Chain chain chain
Sport left his glasses on the back of my car last night. He tried to convince himself that he’d left them somewhere else: in the garage, on the swing out front, on his headboard, but of course, they were nowhere to be found. I imagine they were lying in the middle of the interstate most of the morning, finally pulverized into dust by passing 18-wheelers.
I was proud of the way SO handled the information. Sport told us about the missing glasses in the middle of a visit from his aunt, and SO was able to keep his composure. He’s able to deal with the stupid kid stuff better than I am — I’m notoriously short on patience when it comes to this.
We took the boys to the art museum on Tuesday to see a Napoleon exhibit, and while it kept LegoGuy mildy entertained, Sport was bored. It was a video on chain reaction that really caught their attention. It was 30 minutes long, but it was almost impossible to get up and leave once we sat down to watch it. I think Sport was expecting a grand finale – fireworks, girls dancing the Can Can, or, at the very least, a perfectly brewed pot of hot tea – but it didn’t work that way. It was an exercise in math, chemistry, and planning. Lots and lots of planning.
I wish I could say the boys learned something from that video, like if you send a tire down an inclined plane, and it knocks a burning candle into a puddle of gasoline, the subsequent explosion could cause a concussion that would send several tubes of empty tape rolls into the air, and on and on, causing a chain reaction that ultimately might result in the death of an entire civilization of people. (I don't know, we really didn't get to the end of it -- maybe the candle fizzled out at the end or a brigade of volunteer firemen rushed into the warehouse and shut the whole thing down.)
I really hoped it might give them pause before doing something that, in the end, would bring about bodily harm or at least the loss of a pair of expensive glasses. Didn’t happen.

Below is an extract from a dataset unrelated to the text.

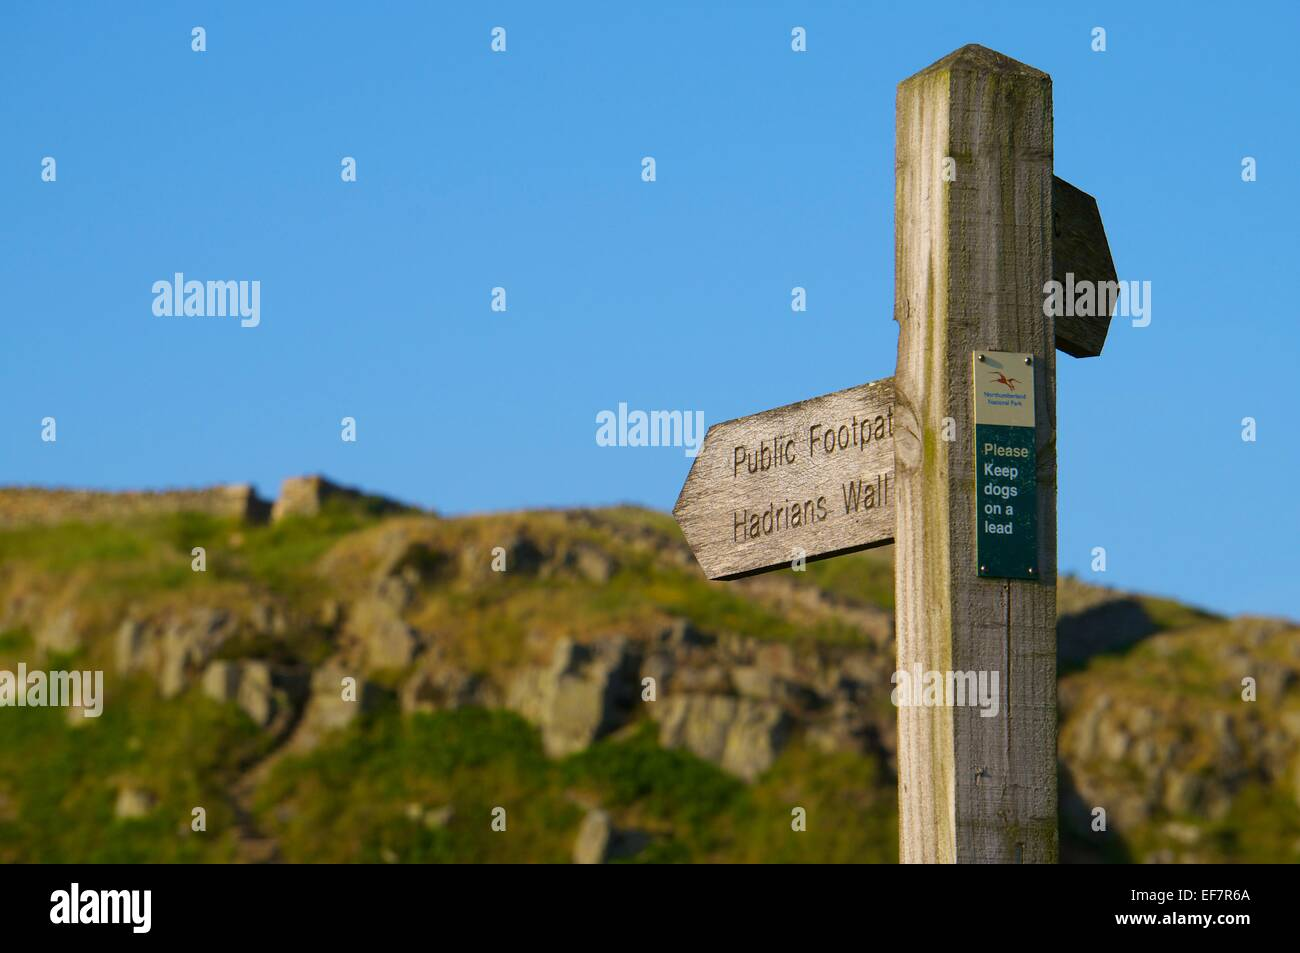 Finger-Wegweiser des öffentlichen Fußweg am Hadrianswall National Trail, Northumberland, England, UK. Stockbild

Sport put the glasses on the back of my car as the sun was going down and left them there all night. The next morning, I backed out of the garage, and, as the sun had not yet come up, didn’t notice they were there. I took off for the highway, humming along with whatever was on the radio, racing through lights that were about to turn yellow, completely oblivious.
Kids don't think about what happens next. They live in the moment. I like this about kids -- but it can also be kinda painful. I know this, having experienced it myself at the ripe old age of six. My father, burning leaves as he often did during the fall, left one pile unattended. My sister, younger by a year, took a stick and put the tip of it into the flames, getting it nice and hot. Then, she branded me on the back. Later (after her spanking), she was remorseful and sad. She hadn't meant to hurt me, she just wanted to see me jump.
Another incident with fire, this time my niece. Seeing a lit candle in the bathroom, she wondered what it would look like if she threw a wadded up handful of toilet paper into it. She didn't realize it would startle her, making her sweep the blazing item into the trashcan, causing an even bigger conflagration. She was perfectly willing to confess, but only after she'd spent about 5 minutes trying to come up with the right way to tell her uncle that the bathroom was on fire.
Then there was the time I warned LegoGuy not to mess with a giant pile of rocks, just before he slipped and took off the entire top layer of shin skin.
Sport's got a backup pair of glasses, one with a missing nose piece. We'll get that fixed, and he'll be back in business.
I wish monocles were popular. I think he'd look great sporting one of those. And they're cheaper to replace.
4 comments:
We are on our second lost glasses scare. The first time we found them in DQ's room, this time LB claims he left them at school, we shall see tomorrow morning.
In over 30 years of bespectacledness, I have never lost a pair of glasses. But I live in fear of it. I'm sure that one day I will end up like that Twilight Zone episode where the loner is the sole survivor of a nuclear holocaust and finds himself in a library with a lifetime of books -- and a broken pair of glasses.
Yeah! DQ has had hers go missing several times. I like st. fiacre haven't ever lost a pair of glasses in 26 years. I have broken at least one pair but lost never was a problem. Mainly because if removed from my face I'm lost without them!
I've been wearing the cheaters for about 27 years now and have lost only one pair. They are somewhere at the bottom of the Gulf of Mexico, or maybe inside a shark. I like to think a shark swallowed them and then got caught. When they split the shark open, my glasses fell out and someone said, "That poor bastard, all that's left of him are his glasses."